Results (continued) The only policy variables easily controlled in the short run that seem to be play an important role are macroeconomic stability (proxied by the volatility of the exchange rate), openness, and the only institutional variables with a first order effect are investor protection and the cost of enforcing a contract. But these can explain at most 1/4 of the difference between the Latin America and the industrial countries. Policy variables like the exchange rate regime, the presence or lack of capital controls, the level of public debt, bank concentration, and banking spreads are all statistically significant in the empirical analysis but play a very small role in explaining the difference between the development of the bond market of industrial countries and that of Latin America.

Bottom line Clearly, one should not conclude that policies and institutions do not matter. –Still, the fact that many of the obvious policy variables have only a modest effect on bond market development suggests that there are unlikely to be convenient short-cuts. Bond market development is a long hard slog. –By implication, the same policies that are necessary for economic development in general are also necessary for the development of domestic bond markets. But, in addition, the importance of country size and firm size raises questions about the feasibility of “bond market development in one country.” –Does this mean that LAC should follow Asia in attempting to develop bond markets at the regional level?

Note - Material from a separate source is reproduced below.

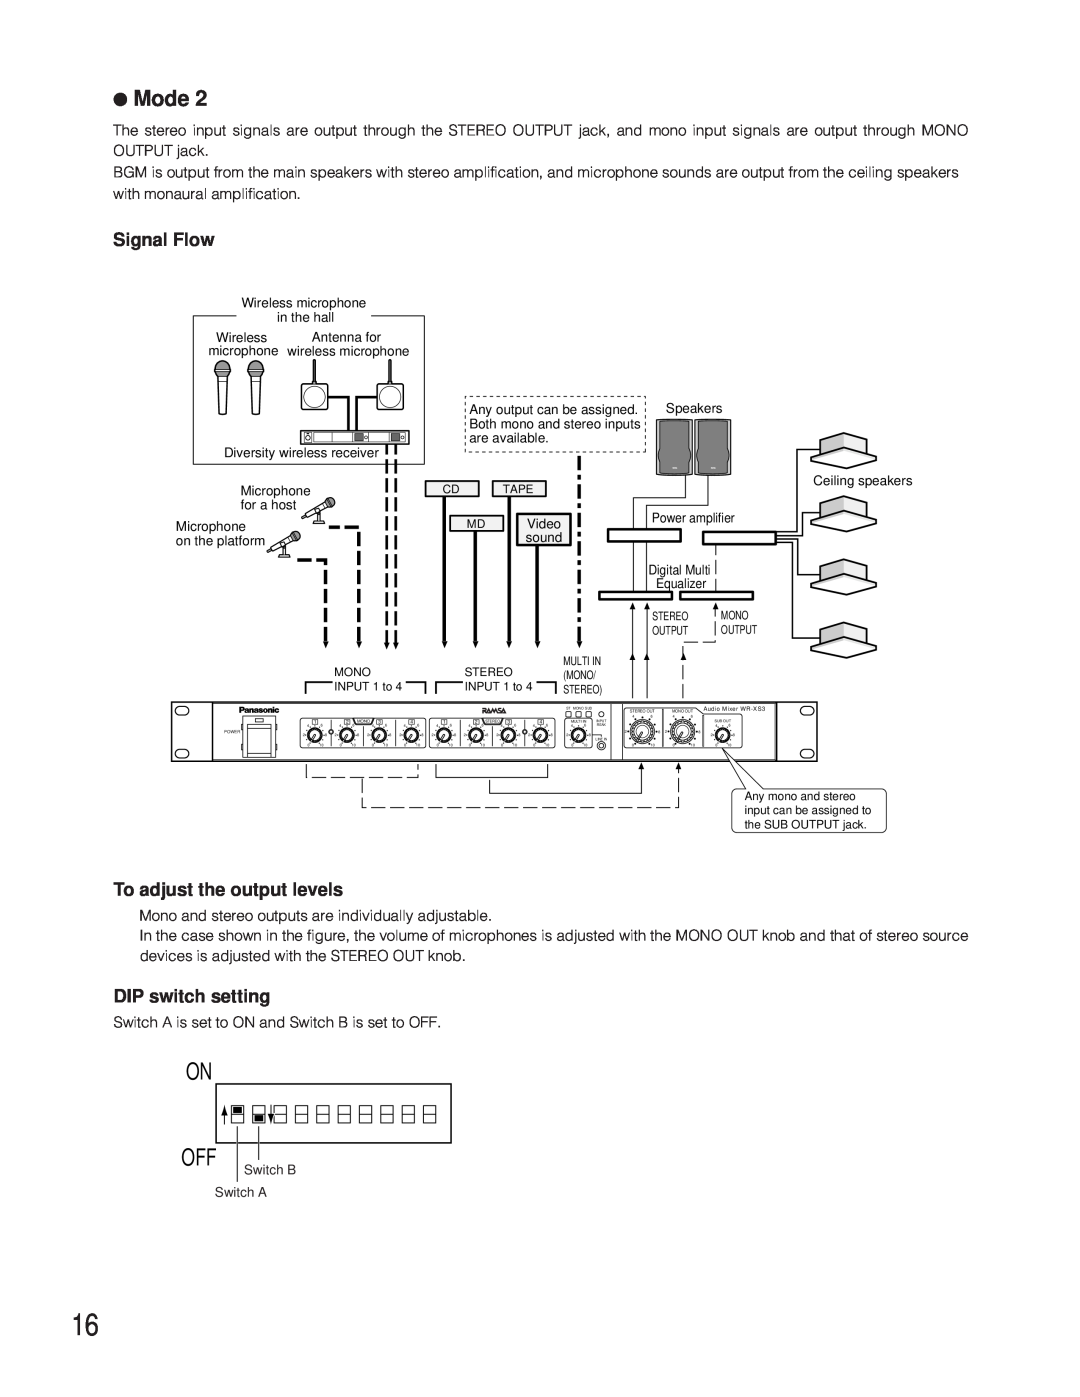 Panasonic WR-XS3P operating instructions On Off, Mode, Signal Flow, To adjust the output levels, DIP switch setting 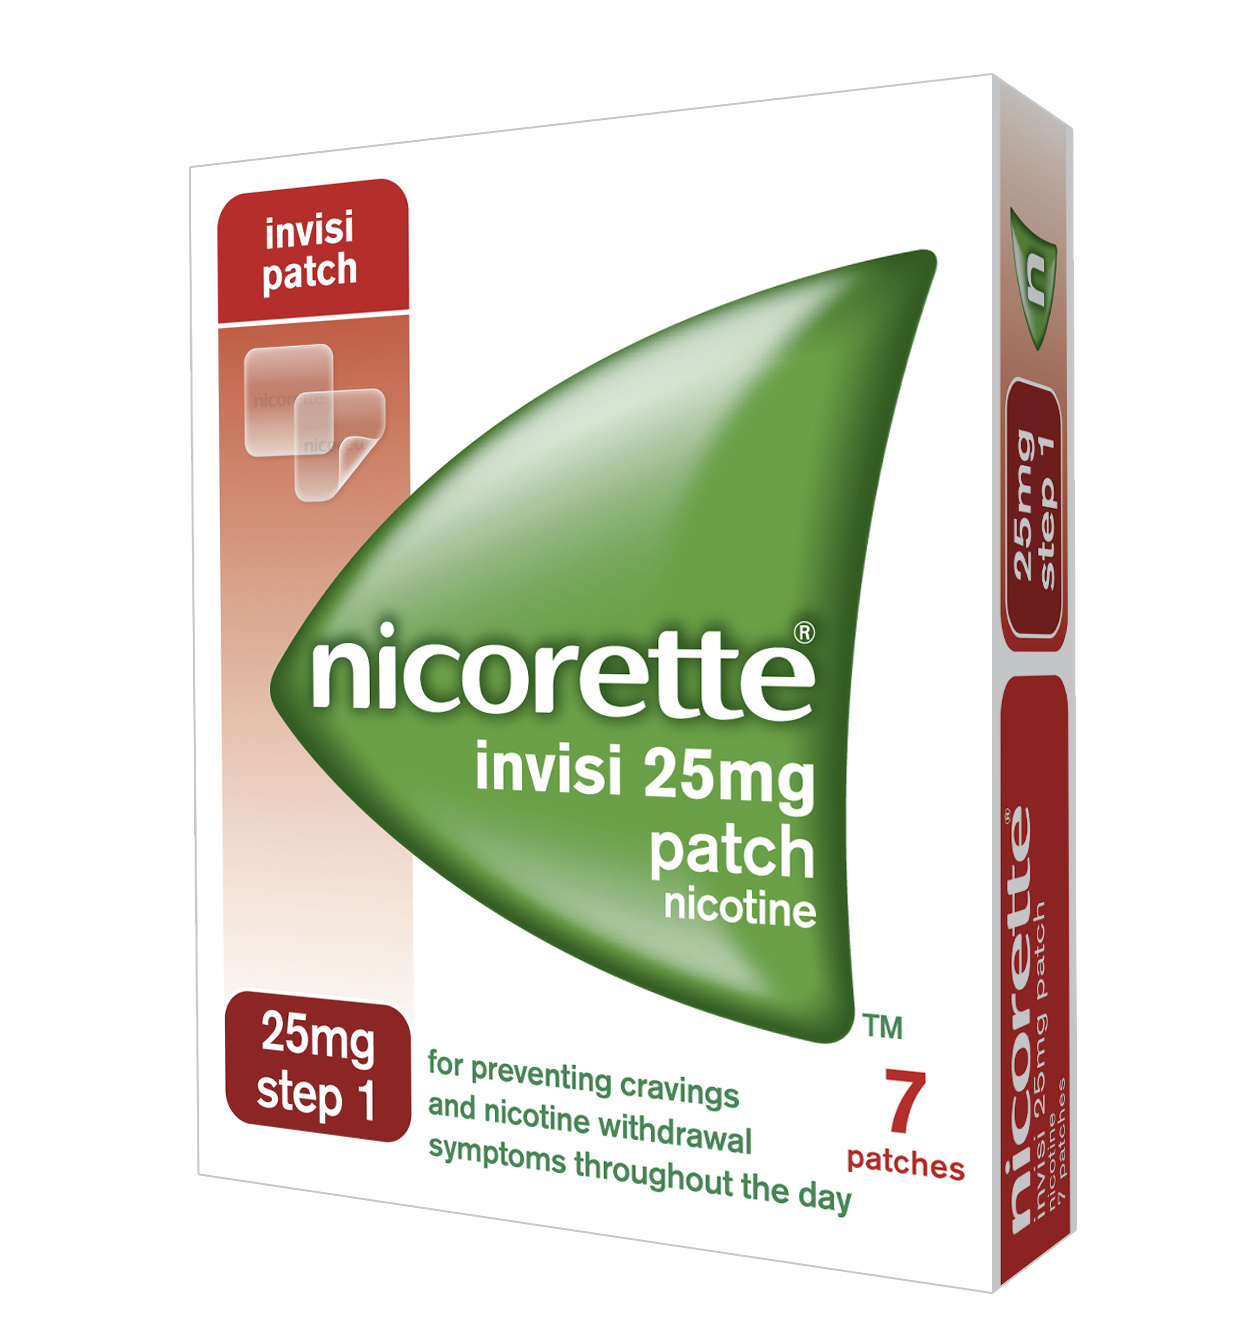 What Is The Best Nicotine Patch For The Price

Extra-national initiatives Asia has sought to integrate national markets regionally in order to overcome handicap of small market size. –ABF1 &2. –Regional indices and passively managed funds. –Asian Bond Markets Initiative. Latin America has not gone down this road. –In contrast to Asia, it has sought to enhance the access of its corporates to international markets. –This has included, most recently, efforts to issue government debt in local currency in New York and other centers, in the hope that corporates will be able to follow. At least, this is what is suggested by the following slide:

LA relies more on international markets (Private Sector Bonds/GDP) Left panel is LA, right panel is EA Blue is domestic, red is external

Costs and benefits of the two strategies Spreads are often lower on international markets, especially for LAC borrowers (reflecting, inter alia, weak creditor rights at home). –Thus, in the case of Colombia’s November 2004 domestic currency issue, where we can make a direct comparison, primary spreads were 20 to 50 basis points below those on comparable domestic bonds. –We see the same thing when we look at large corporates, which can often borrow more cheaply on international markets. –Thus, the LAC strategy is the obvious short-run cost-minimizing one. But does encouraging corporates to borrow on foreign markets slow the development of local market liquidity? –We find that spreads also decline with domestic market capitalization. –So the Asian strategy may be the long-run cost-minimizing one.